The Atlantic

The Most Expensive Weather Year Ever

Economists are tallying the damage from the fires and the hurricanes, and finding their true costs immeasurable.
Source: Gene Blevins / Reuters

There were the hurricanes that rained down biblical floods on Texas and Florida and devastated Puerto Rico and the Virgin Islands. There were the fires that smoked wine country and coated Montana and Oregon in ash, and the fires that are burning down houses in Santa Barbara. Then, there were the king tides that flooded Miami, the heat waves that seared the southwest, the tornadoes that scarred the southeast, and the rains that never came in the Cascades. No wonder the National Oceanographic and Atmospheric Administration has deemed this to be the second most extreme year, weather-wise, in the past century.

That extreme weather has taken a devastating and unknowable human toll, on families from San Juan to San Francisco. And it has taken economic one as well. It now seems a near certainty that 2017 will be the most expensive year in American history in terms of natural disasters—and a preview of the trillions of dollars of costs related to climate change yet to come.  
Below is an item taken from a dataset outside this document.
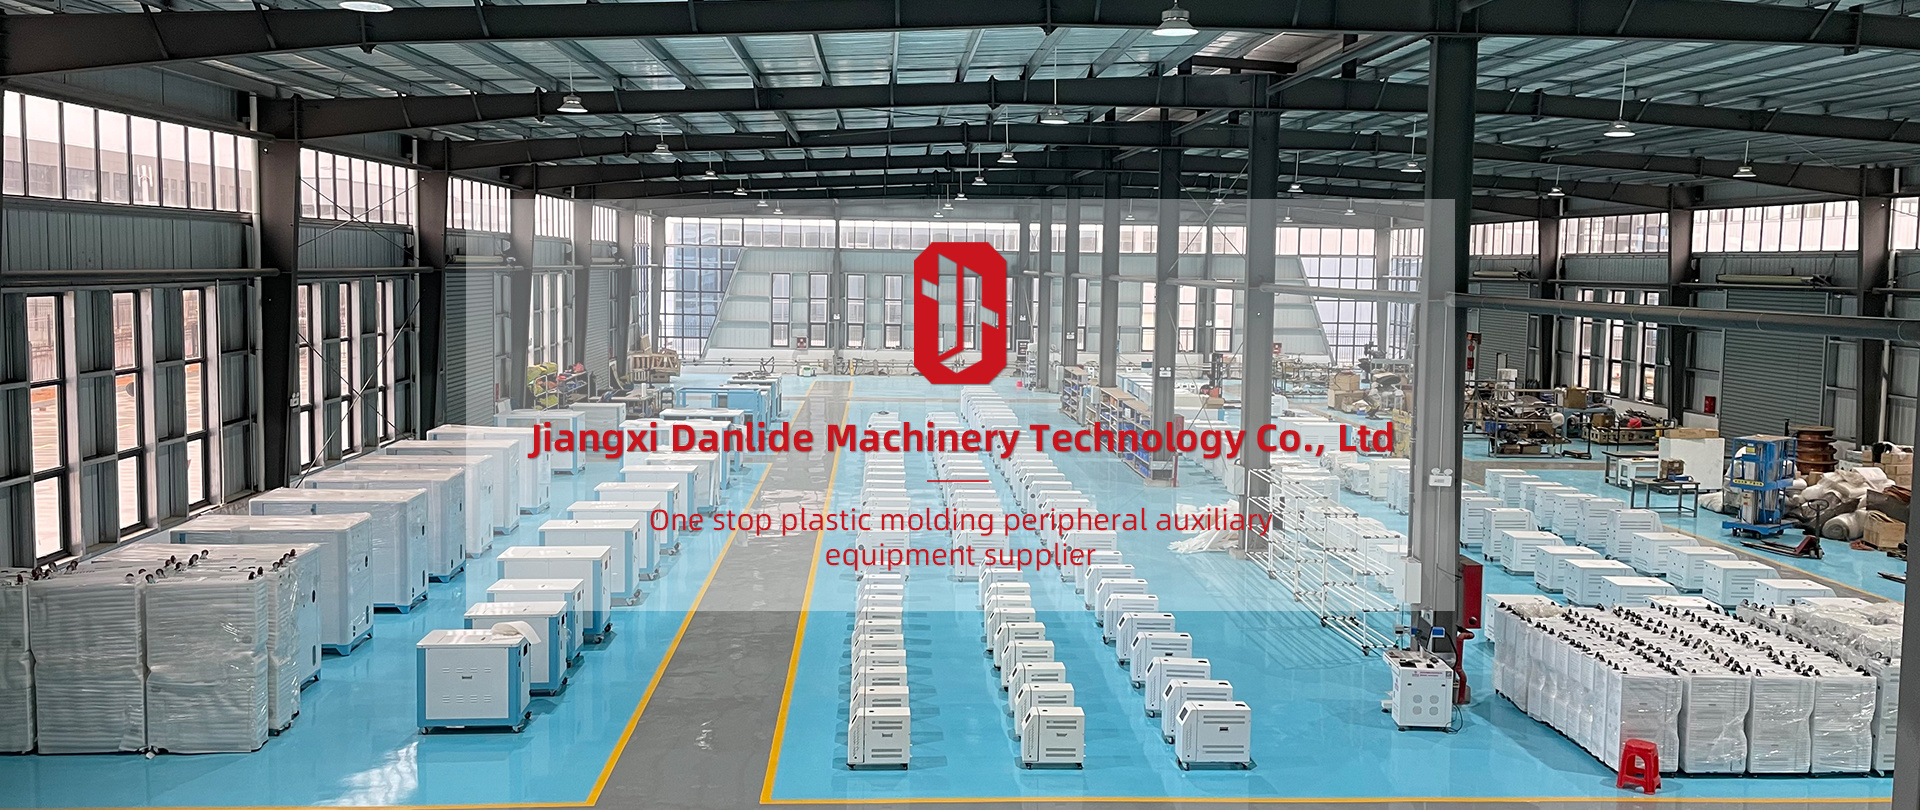 Jiangxi Danlead Machinery Technology Co., Ltd

The effect is perhaps clearest in terms of property damage, in the United States’ territories as well as in the states, with governments, insurers, and individuals counting up the losses from torn-apart homes, flooded cars, downed bridges, destroyed electrical grids, and shuttered hospitals. Early in the fall, Hurricane Maria devastated the island of Puerto Rico, which had already suffered a decade-long recession. The government there has asked for $95 billion the electric. The credit-rating agency Moody’s puts the estimate of the storm’s damage at $40 billion in lost economic output and $55 billion in property damage, in a region with a GDP of about $100 billion a year. The numbers are similarly devastating in the Virgin Islands, which were hit by Hurricane Irma.